Kukacka: Flussbauliches Gesamtprojekt entspricht der "NGO-Resolution für eine lebendige Donau"

Kritik der Grünen überzogen und zeugt von Unkenntnis

Wien, 13. Dezember 2004 (OTS) - Als "überraschend positiven
Beitrag für das flussbauliche Gesamtprojekt" bezeichnete heute, Montag, Verkehrsstaatssekretär Mag. Helmut Kukacka die "Resolution für eine lebendige Donau" die gestern im Rahmen des Donaugipfels von NGO Vertretern aus den Donauanrainerstaaten unterzeichnet wurden. Gerade das flussbauliche Gesamtprojekt östlich von Wien stelle eine Reihe von Verbesserungen für Ökologie und Naturhaushalt dar, und erfülle daher die Anforderungen, die sich aus der Resolution ergeben würden. Damit sei eine weitgehende Übereinstimmung zwischen der Resolution der NGO´s mit den vom wissenschaftlichen Leitungsausschuss festgelegten Ausbaugrundsätzen des BMVIT gegeben. Die Kritik der Grünen an diesem Projekt sei deshalb völlig überzogen und zeuge von bedauerlicher Unkenntnis. ****

Im Rahmen des Projektes werde auch die Einhaltung des Verschlechterungsverbotes im Zuge des UVP-Verfahrens garantiert, besonders durch die Einhaltung der letzten Wasserrechtsgesetznovelle, in der die EU-Wasser-Richtlinien in nationales österreichisches Recht umgesetzt wurde. Auch das "Verbesserungsgebot" werde erfüllt, da das Projekt im ökologischen Sinn ein Rückbauprojekt gegenüber der derzeit starren Donauregulierung um die Jahrhundertwende darstelle. Außerdem werde die fortschreitende Donaueintiefung gestoppt und der Grundwasserspiegel angehoben um die Au vor dem Ausrinnen und Austrocknen zu retten. 50 Prozent der Treppelwege werden Rückgebaut und stattdessen Flachuferzonen geschaffen. Daneben werden zahlreiche ökologische Vernetzungsprojekte durchgeführt, um eine Anbindung der Altarme an den Donaustrom und in den begleitenden Flussauen wieder ein dynamisches Abflussverhalten zu ermöglichen.

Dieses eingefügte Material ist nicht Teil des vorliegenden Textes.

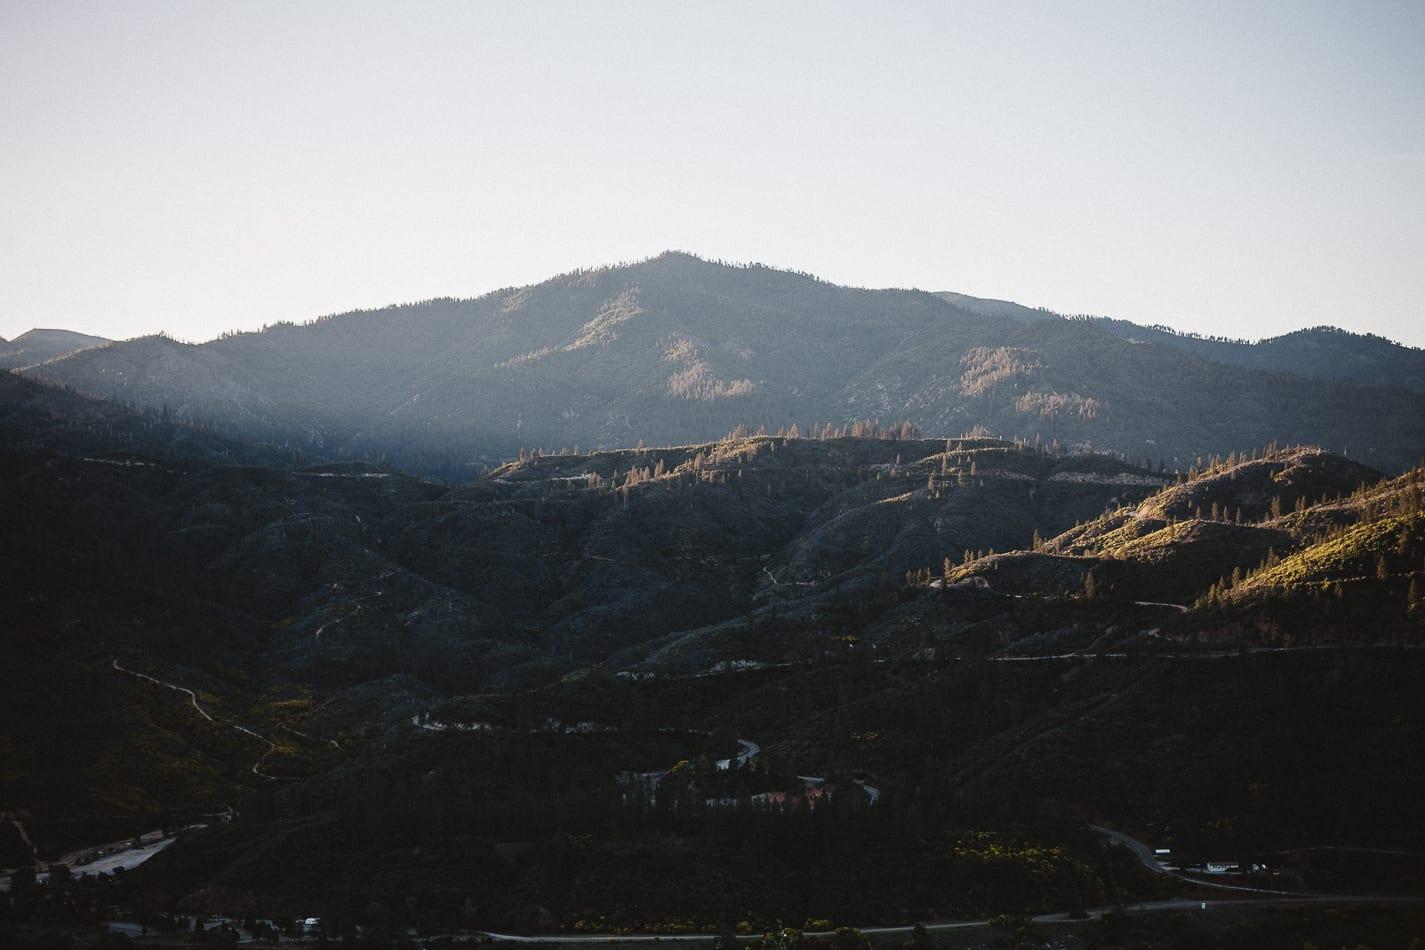 shasta-dam-california-lifestyle-portrait-photographer-2

Auch die Bürgerbeteiligung sei im UVP-Verfahren verpflichtend vorgesehen. Schon vor Verfahrensbeginn habe das BMVIT bereits in der Vorplanungsphase ein Moderationsverfahren durchgeführt, in denen alle betroffenen Gemeinden, Behörden und Organisationen (z.B. WWF) informiert und eingeladen wurden, Beiträge für weitere Planungen einzubringen. Der vom BMVIT eingesetzte Lenkungsausschuss, dem auch namhafteste österreichische Ökologen angehören habe jene Planungsgrundsätze in Konsens erarbeitet, die jetzt die Grundlage für die Umweltverträglichkeitserklärung bilden.

Utl.: Von Ausbaggern kann keine Rede sein!

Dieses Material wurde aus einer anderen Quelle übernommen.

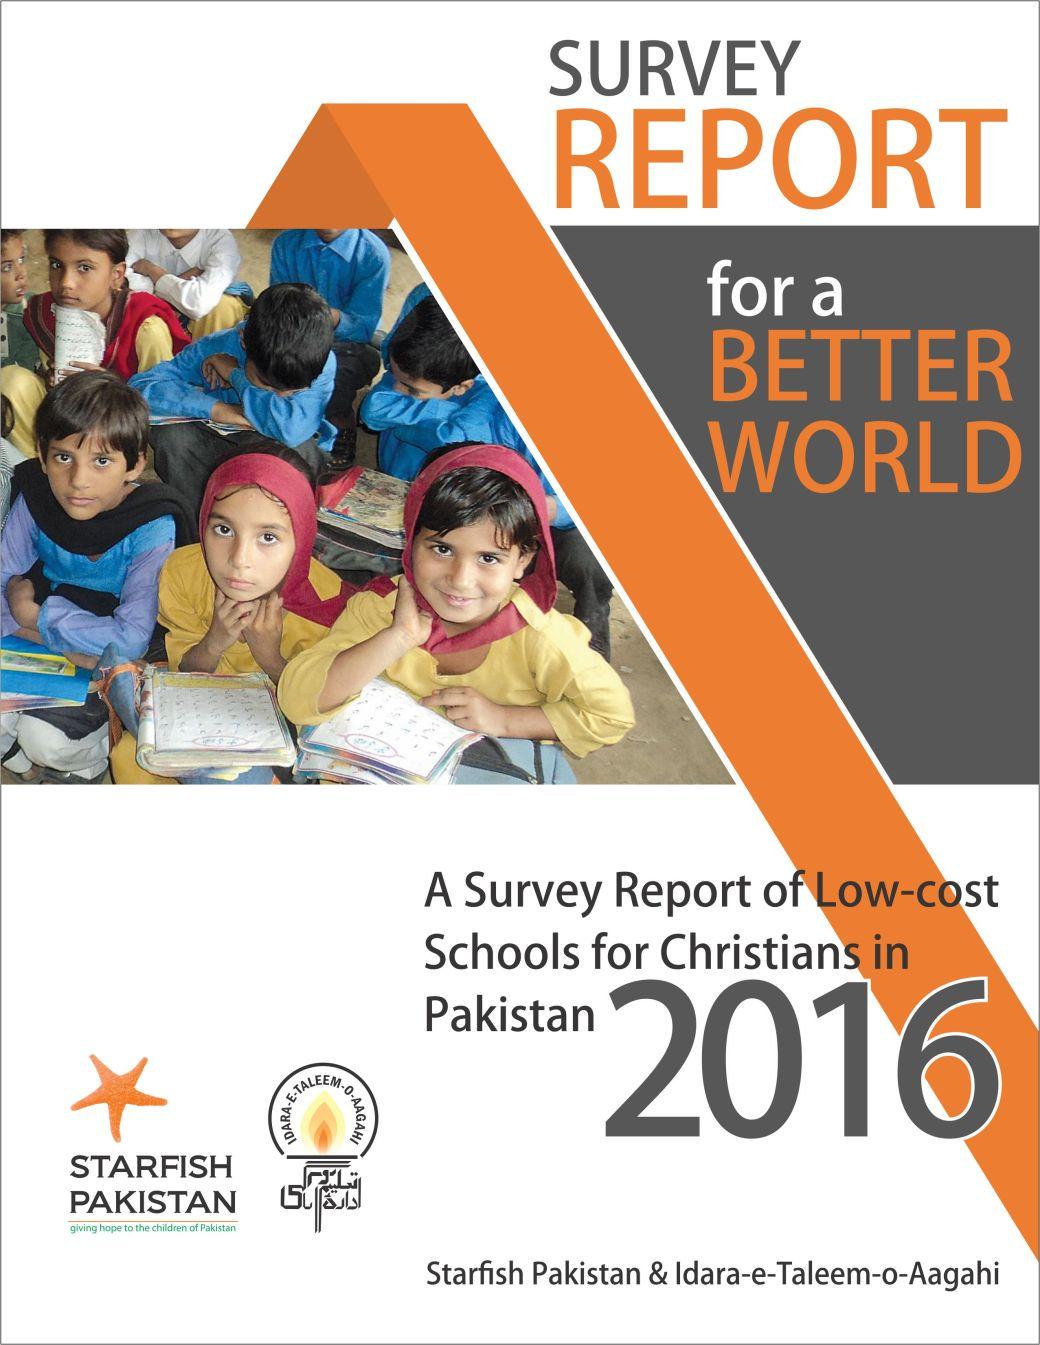 starfish-pakistan-report

Auch für die Schifffahrtsrinne würden die Vorgaben der Donaukommission eingehalten werden. Kukacka erinnerte daran, dass im Rahmen der 60. Jahrestagung der Donaukommission (2002) beschlossen wurden, den Ausbau östlich von Wien auf eine Abladetiefe von 2,70 Meter, was einer Fahrwassertiefe von 3,20 Meter entsprochen hätte, zu begrüßen. Im Leitungsausschuss des BMVIT wurde jedoch ein Kompromiss von 2,80 Metern Fahrwassertiefe in wenigen ganz bestimmten Abschnitten unter Anwendung der granolometrischen Sohlverbesserung mit adaptiver Vorgangsweise vereinbart. Ausgangslage bildet dabei das derzeitige Planungskriterium von 2,50 Metern Fahrwassertiefe. "85 Prozent der Donau östlich von Wien haben bereits jetzt eine Fahrwassertiefe von 2,80 Meter", betonte der Verkehrsstaatssekretär. Von einem Ausbaggern der Schifffahrtsrinne, wie immer wieder fälschlicher Weise behauptet wird, könne daher keine Rede sein. Faktum sei, dass kein Schotter der Donau entnommen werde, sondern lediglich eine geringe Umlagerung im Donaubett erfolge.

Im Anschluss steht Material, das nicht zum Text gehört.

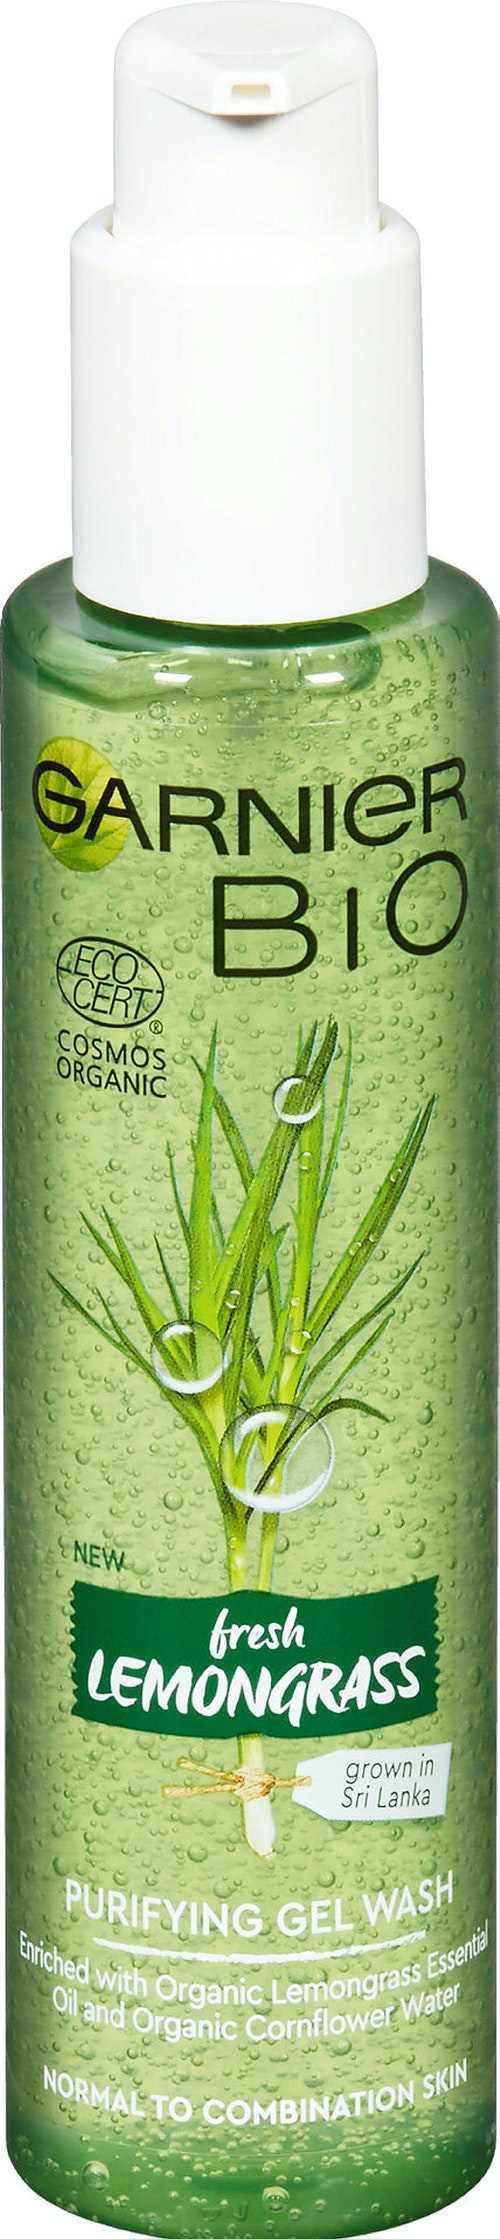 Garnier Lemongrass Purifying Gel Wash Cleanser, 150 ml

Abschließend begrüßte Kukacka, ausdrücklich die Feststellung der NGO´s, dass auch eine Chance sehen würden durch vorsichtige und ökologisch optimierte Schifffahrtsprojekte, die Situation der Donau nachhaltig zu verbessern. "Gerade mit unserem flussbauliche Gesamtprojekt östlich von Wien nützen wir diese Chance und stellen eine Win-Win-Situation für Ökologie und Schifffahrt dar", schloss Kukacka.